Una mano de hombre la zarandea brutalmente. Livia abre los ojos y oye al confitero preguntarle quién es y qué hace allí, pero no puede responder. Trabajosamente, sin decir palabra, levanta su cuerpo entumecido como el de un viejo, se libera de la garra del comerciante y escapa.

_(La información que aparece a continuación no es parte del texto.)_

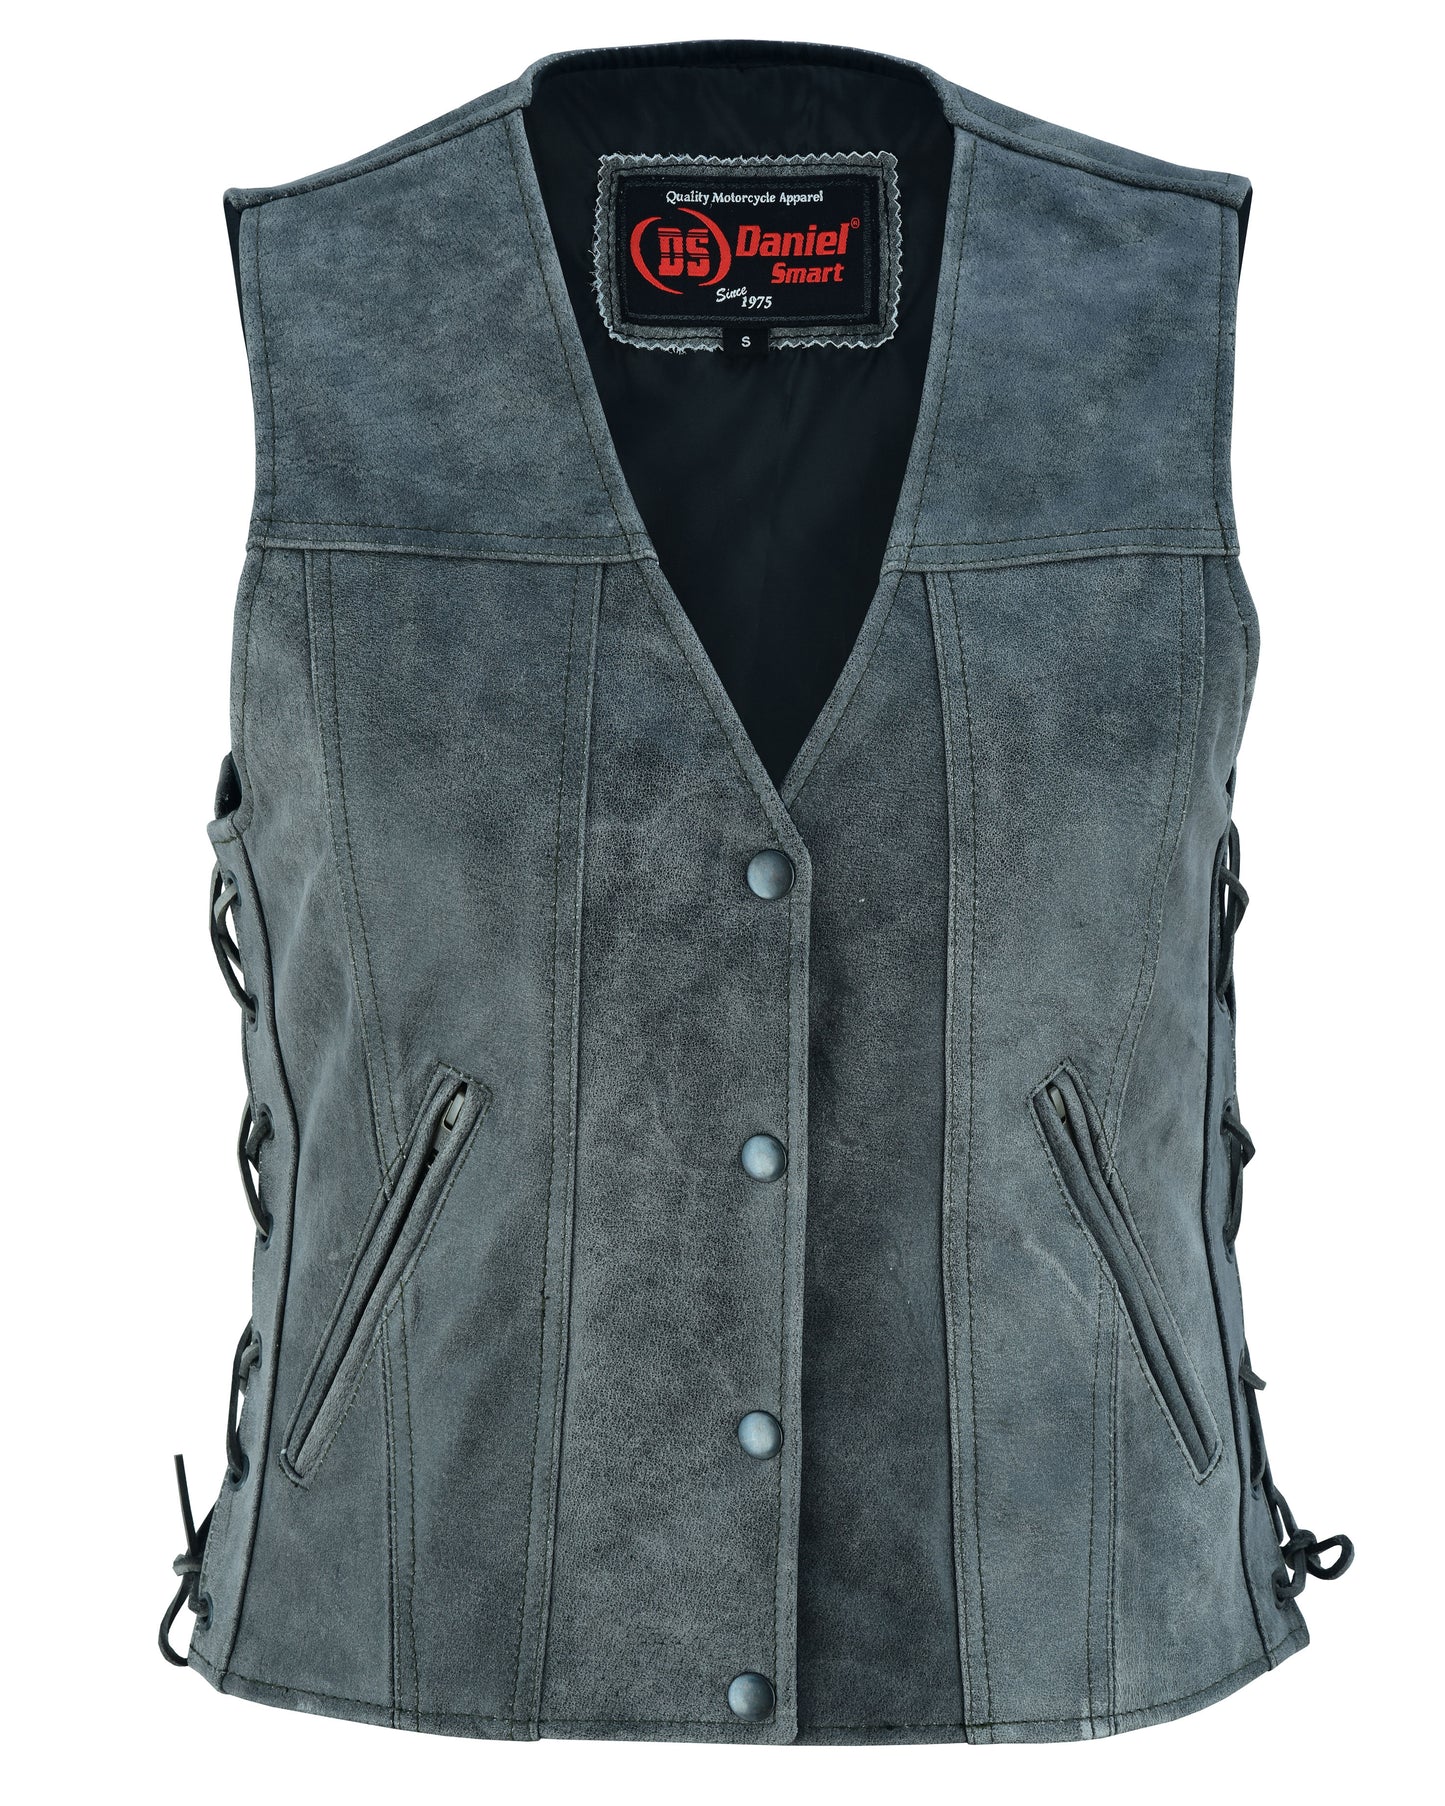 Women's Gray Single Back Panel Concealed Carry Vest

Durante días y noches vaga por lo que fue su ciudad, callejea silenciosa e indiferente, pequeño espectro casi invisible, insensible a la gente y a la vida trepidante de la ciudad. De noche, encuentra refugio en algún rincón de una
insula
o entre las ruinas de los inmuebles destruidos por el incendio que por el momento han escapado de los maestros de obras de Nerón. Todas las mañanas va al puerto y observa las naves dispuestas para partir, fijándose en los posibles pasajeros. Luego, contrariada, recoge un pescado ahumado caído del cesto de un porteador o roba una naranja en el puesto de un vendedor. Una vez la pilló un panadero al que le había robado una hogaza y recibió diez varazos antes de conseguir escapar. Su espalda lleva la huella sangrienta de aquel castigo, pero las varas no han logrado hacerla gritar, ni siquiera gemir. Desde el altercado con su tío Tiberio, ningún sonido ha salido de su boca.

Pero a Livia no le preocupa haberse quedado muda. Su suerte le tiene sin cuidado. No hace caso de la mugre de su cuerpo y su ropa, del desorden piojoso de su cabellera, de la mirada huidiza o apenada de los transeúntes. No siente casi el hambre y la sed. Si la imagen del apóstol Pedro, crucificado cabeza abajo antes de ser quemado, no se le apareciera regularmente, al doblar una esquina o durante una pesadilla nocturna, incluso habría olvidado el mensaje que lleva contra el pecho: su única obsesión sigue siendo encontrar a sus padres y sus hermanos. Al día siguiente de la ejecución de los cristianos, volvió a los jardines de Nerón para buscar algún rastro de los suyos. Pero los guardias le impidieron entrar. En el interior estaban retirando los infames restos, cenizas, osamentas y cuerpos destrozados por las fieras.